“虽然大致猜得到,但我想听听你的推理,你是怎么知道他还杀了千山的?”太宰将手背到身后,被触碰过的位置狠狠蹭了蹭衣物。随后才走到她身侧,被不着痕迹地避开了一些也还是装作察觉不到一样地问。
“不是说过了?”
“那些可没有一个能当做是证据吧,全都是猜测。”
“有猜测不就可以了,对未知的东西进行脑补,藏在心里的恐惧被挖出来的人心理防线总是很脆弱。而从他对着我开枪那一刻开始,那些证据就不重要了。”弗吉尼亚迎着阳光微笑,金发在光芒中熠熠生辉,蓝眼看上去剔透而清澈,乌黑的瞳孔却像是吸收了所有的光线的、通往深渊的海洞。

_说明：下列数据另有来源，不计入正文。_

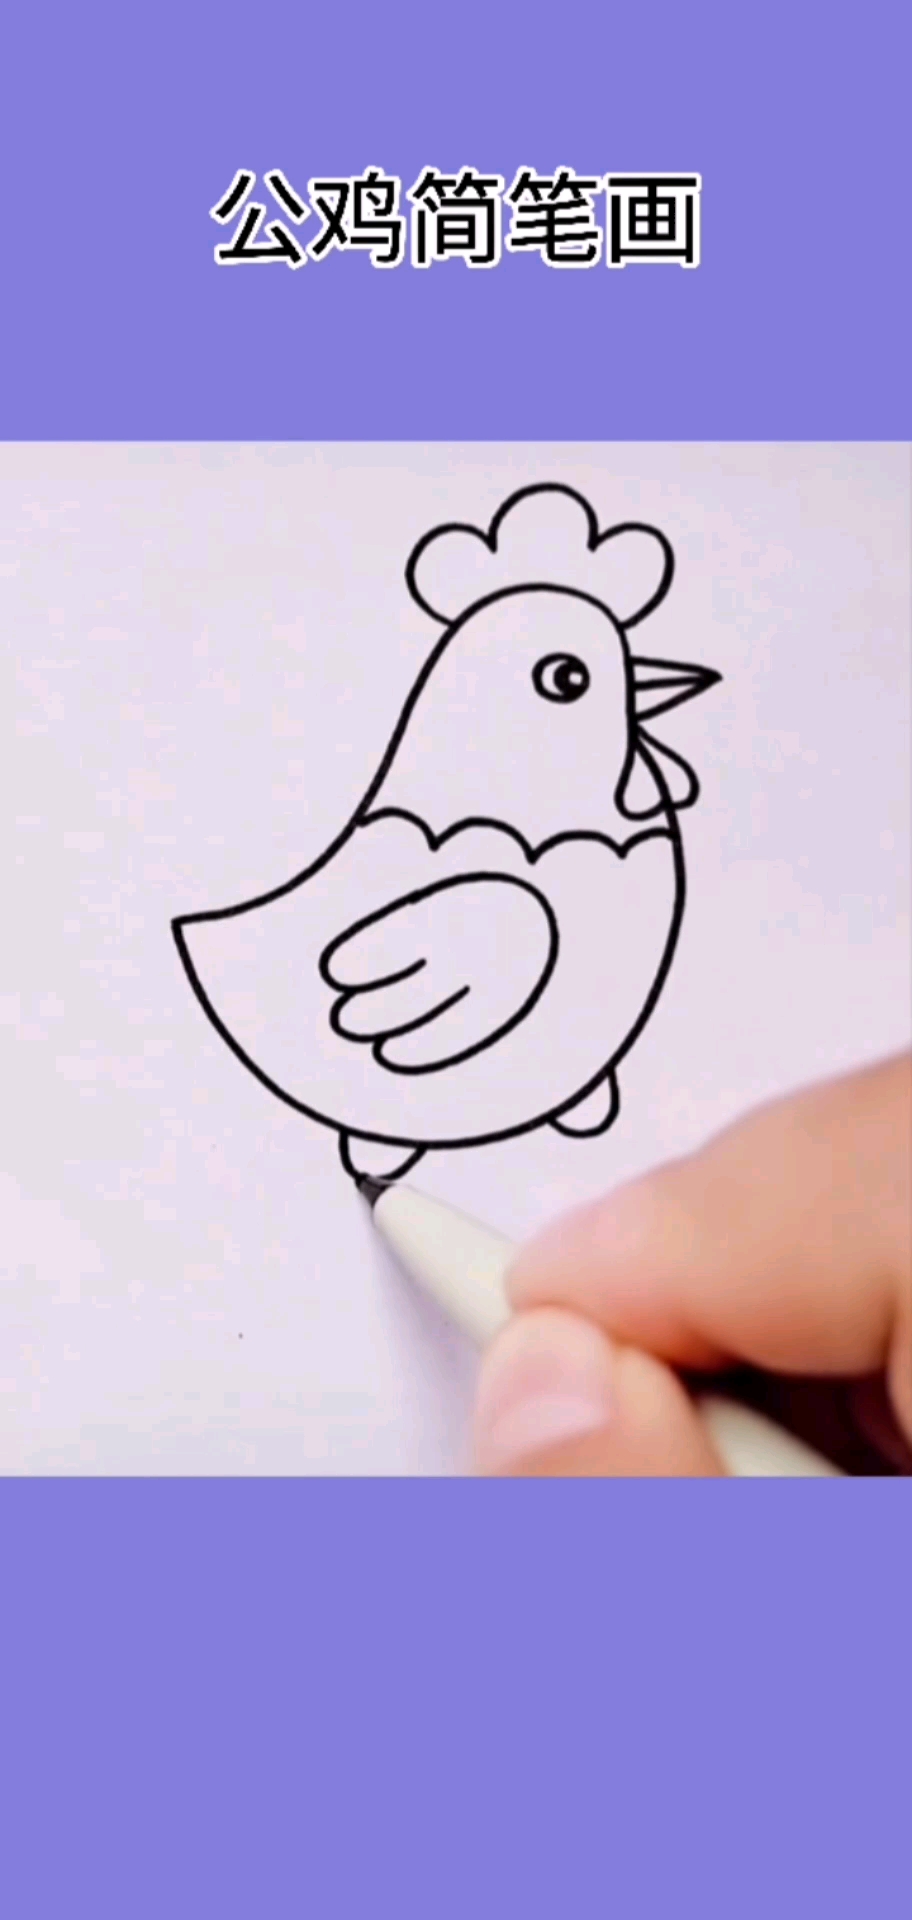 大公鸡简笔画 卡通图片

她从小就很擅长剖析人的情绪,用于避险。而从避险到主动算计,只需要一点点小小的加工。她之前的处境要顾及的太多,面对的又是无法撼动的庞然大物,这种行为已经是刻在她dna中的生存法则。
精于心计。从她开始话题开始,那个男人完全就陷入了她的语言陷阱,明明只要矢口否认就好,却因为被挑起愤怒而失去理智,击溃他的不是他已经犯下的罪行而是她诱导他在众目睽睽下的犯罪,更可怕的是她毫发无损。
太宰微微垂眼,忽然失去了欲望一样,不再说话了。
她的核心与他是相同的,他在她身上大概找不到他想要的东西。
“本来打算看一眼就走的,不过如果您是想亲自带着我回去复命的话,麻烦再等一会儿吧。”弗吉尼亚突然说。
太宰很随意地唔了一声,兴趣恹恹。
井村胜人被警察带走的时候,全村人都在看,他们脸上的惊诧无法掩饰。
“警察同志……这,这是不是有什么误会?”很多人在问。
“警察同志,我们不要赔偿了,能不能不要带走井村,他……”
警察不厌其烦地告诉他们不单是因为赔偿的事,有人举报井村杀人未遂,多年前千山明和的死也与他有关,此外,大森化工污染一事也有蹊跷,不过这一切都要等井村从医院出来才好对他进行审讯。那在他手上炸膛的、只有他的指纹的枪是目前他最难找托词的一件事。
村口回答过弗吉尼亚问题的婆婆坐在门口静静地看着,神情哀婉,但见到弗吉尼亚的时候还是笑了起来:“是你啊,我以为你已经离开了。”
弗吉尼亚将铲子还给婆婆,在准备离开时,想了想,还是问道:“其实您知道污染是村长自导自演,对吗?”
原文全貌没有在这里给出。